Pertanyaan selanjutnya, lha kok bisa yaa
penulis itu, betapa cerdasnya orang itu. Padahal kita kan sama-sama
manusia, makan-nya sama, minumnya sama, tidurnya juga sama. lalu kenapa
aku sulit sekali mencerna buku itu sekalipun hanya beberapa halaman,
sementara penulis itu mampu merampungkan penulisan buku itu dengan
sempurna. Sebenarnya gak ada yang mengherankan pada kasus diatas, yang
benar-benar mengherankan bila kita tahu bahwa penulis itu usinya masih
dibawah 30 tahun. Kalau kita cermati, rata-rata penulis sebuah buku yang
menurut kita amat tebal, amat susah dipahami, adalah diatas 50 tahun.
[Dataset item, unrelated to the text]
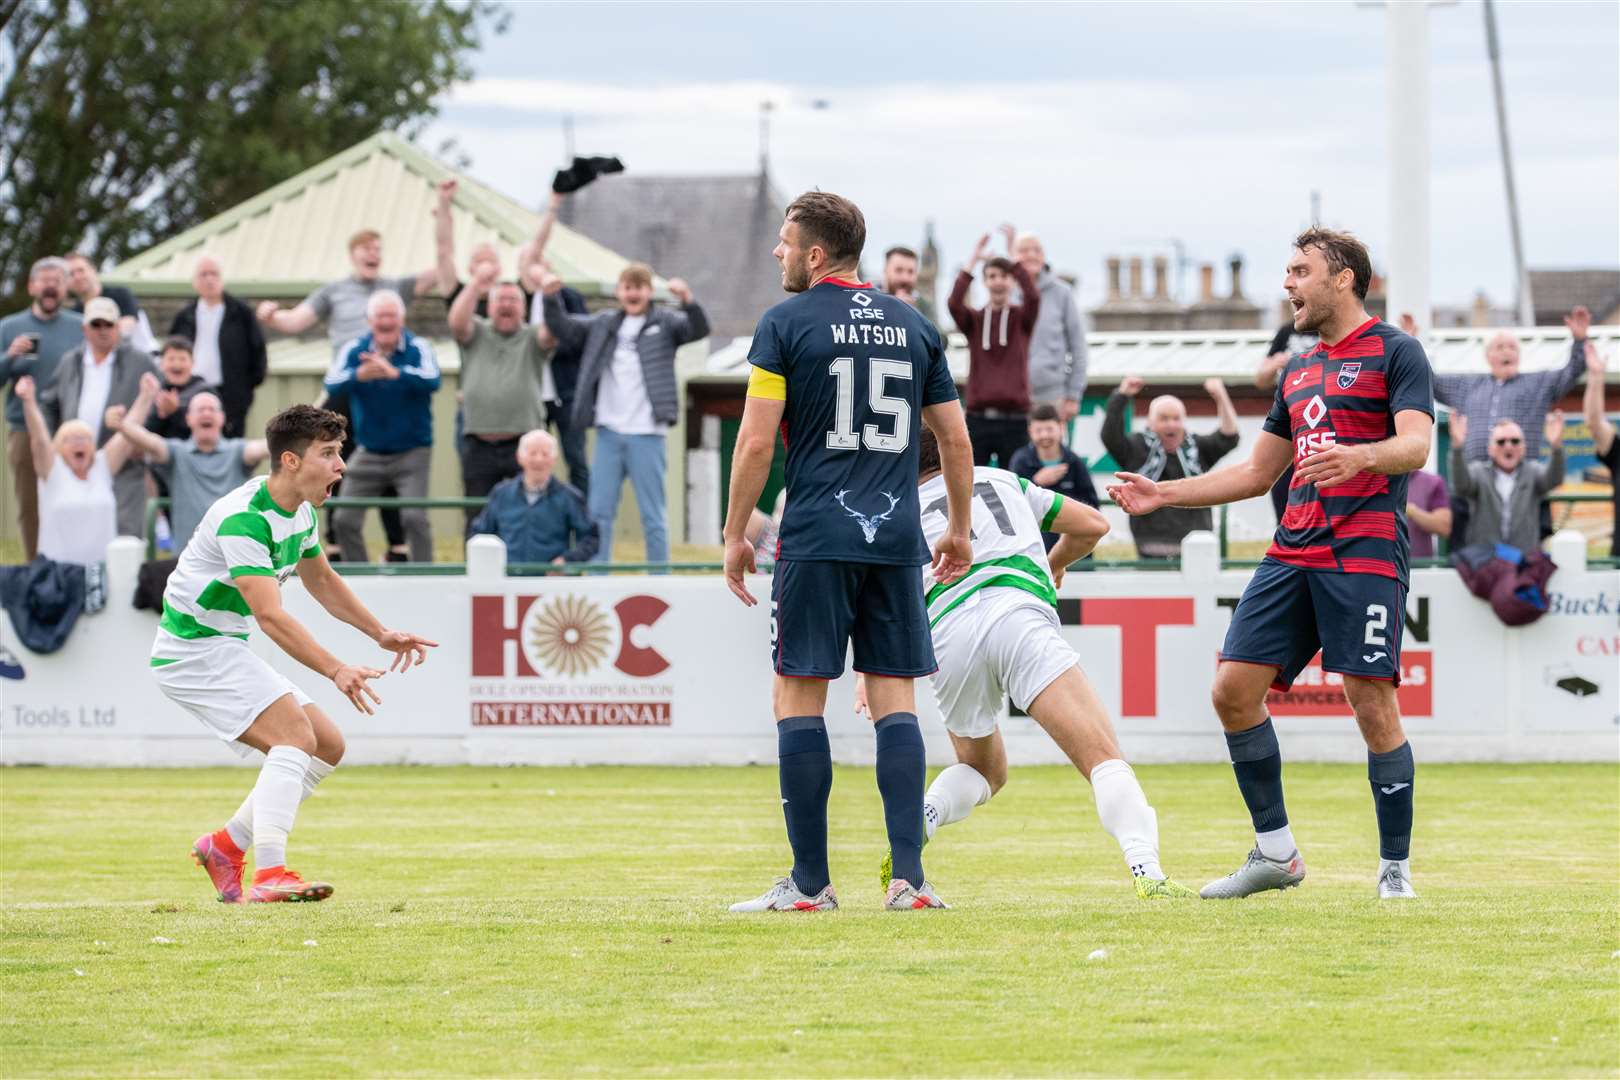 Buckie Thistle's Sam Urquhart (centre, hidden) wheels away to celebrate his opener with team mate Max Barry. ..Buckie Thistle (1) vs Ross County (1) - Ross County win the penalty shootout - Premier Sports League Cup at Victoria Park, Buckie, 09/07/2022...Picture: Daniel Forsyth..

Dan rata-rata gelar mereka adalah doktor. Ditambah dengan berbagai
pengalaman mengajar dan meneliti, tidak ada hal yang sulit bagi mereka.
Mereka mudah saja menuangkan segenap ilmu yang mereka miliki kedalam
tulisan-tulisan yang selanjutnya disebarkan ke berbagai negara. Dengan
pengalaman mengajar dan meneliti bertahun-tahun, otak mereka dengan
sendirinya akan terprogram. Bahkan saya yakin tanpa terpaku dengan buku,
mereka akan sangat mudah menjelaskan dan menguraikan informasi atau
pengetahuan yang terkandung dalam suatu objek yang dikaji. Kata kuncinya adalah PENGULANGAN!!
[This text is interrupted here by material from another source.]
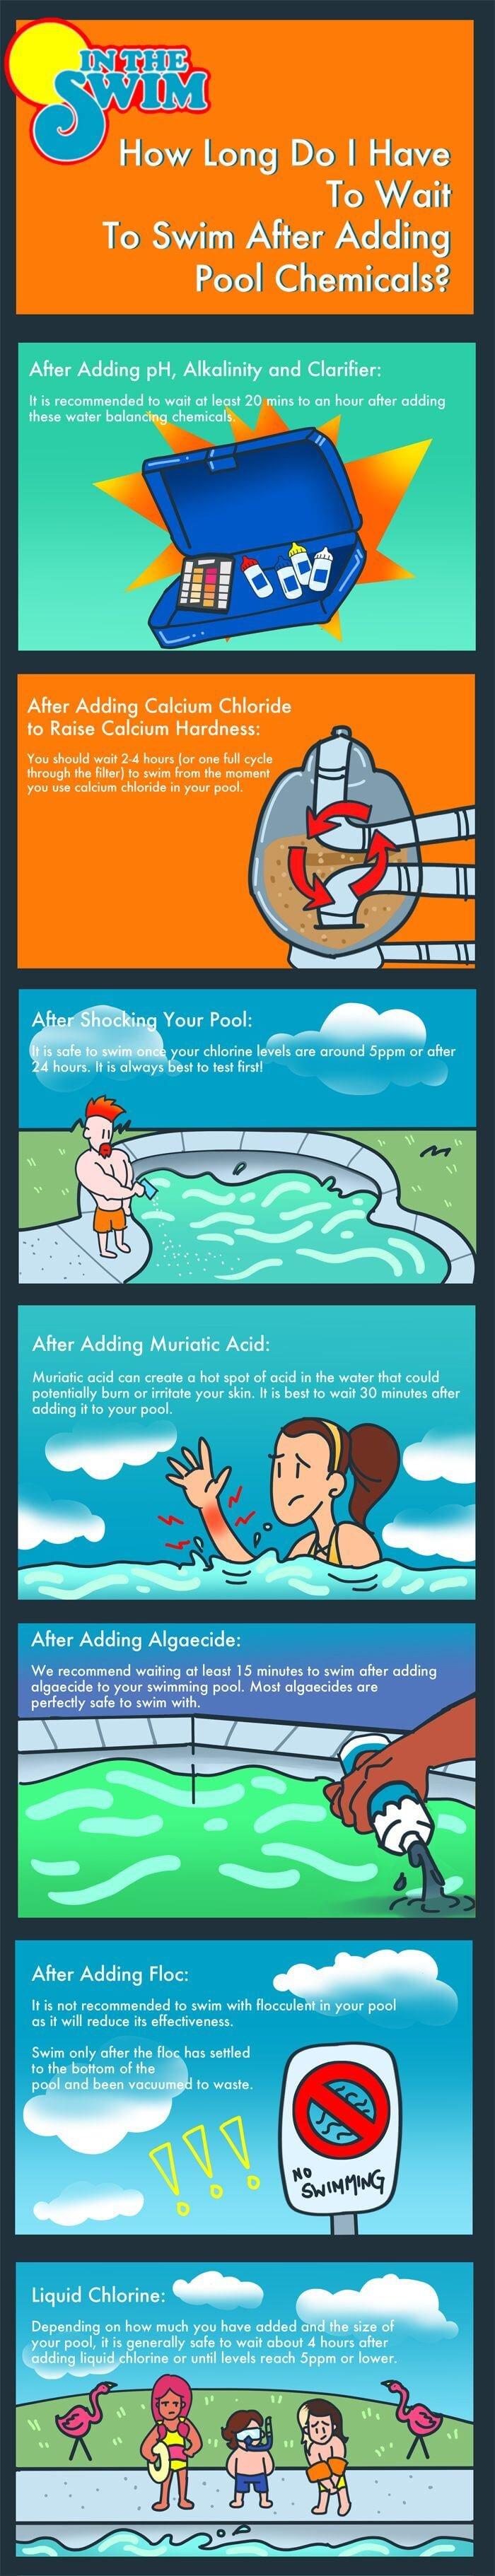 How soon after you shock a pool can you swim Swimming After Adding Pool Chemicals In The Swim Infographic

Penting sekali bagi penuntut ilmu atau
pengajar untuk selalu mengulang-ulang sebuah informasi atau pengetahuan
yang dia dapat. Dengan semakin sering diulang, maka semakin menancap
kuat di memori kita. Teringat sebuah cerita nyata, bahwa ada seseorang
yang dikenal ‘alim, ketika menelaah sebuah kitab selalu mengulanginya
hingga 5000 kali, bahkan sampai-sampai neneknya hafal seluruh isi yang
terkandung dalam kitab itu tanpa kurang dan lebih. Subhanallah!!!
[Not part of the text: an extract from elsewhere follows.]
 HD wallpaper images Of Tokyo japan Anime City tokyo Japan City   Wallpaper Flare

Ketika neneknya bosan mendengar suara bacaan/hafalan cucunya dan meminta
cucunya untuk tidak membaca/menghafal dengan bersuara, maka apa yang
terjadi, beberapa bulan kemudian, sebagian dan bahkan seluruh hafalan
dari nenek itu akhirnya hilang.
Pernahkah dalam benak kita terbersit
kata-kata seperti ini, koq pemahaman dan penafsiran saya lain yaa ketika
baca tulisan ini setelah 5 kali diulang-ulang dibandingkan ketika saya
membaca dan memahami artikel itu pertama kali. Sebenarnya sudah menjadi
karakter manusia itu tidak suka mengulang, manusia cenderung menyukai
hal-hal atau sesuatu yang baru. Sehingga, para penulis buku itu
sebenarnya para pendidik dan pengajar yang karena dipaksa oleh suatu
kondisi, membuat mereka harus mengulang kembali dalam mengajarkan dan
mentransformasikan ilmunya kepada peserta didik yang baru. Bukankah
setiap tahun, generasi baru dari peserta didik muncul? dan apakah
materi yang disampaikan berbeda dengan tahun sebelumnya? tentu tidak
berbeda, kalaupun berbeda, tapi tidak banyak yaitu adanya penambahan
materi yang uptodate dan evaluasi/revisi bila ada kesalahan menyampaikan
materi ditahun sebelumnya.
Oleh karenya, kita bisa juga seperti
mereka, bahkan dengan usia kita yang jauh lebih muda dari mereka tapi
sudah mampu menulis buku bila kita bersungguh-sungguh melejitkan
kemampuan kita. Caranya gimana? Kita manfaatkan waktu kita dengan
sebaik-baiknya, kikis wasting time kita, budayakan kebiasaan
membaca di tengah-tengah keluarga kita. Jadikan diri kita mencintai buku
dan hobi membaca. Menurut survei, Indonesia masuk rangking 5 terbawah
diantara negara-negara yang membudayakan baca buku. Coba, Anda hitung
berapa orang yang menyempatkan membaca buku tatkala sedang berada di
dalam bus, misalnya, atau sedang menunggu. paling tidak lebih dari 3
orang. Namun bila Anda berada di luar negeri, seperti korea selatan yang
sekarang menjadi negara yang maju pesat, padahal 16 tahun silam menjadi
negara terpuruk, lebih terpuruk dari Indonesia, banyak sekali
pemandangan dimana orang membaca buku di jalan-jalan, tempat-tempat
umum, stasiun, terminal, rumah sakit, rumah makan dan lain-lain.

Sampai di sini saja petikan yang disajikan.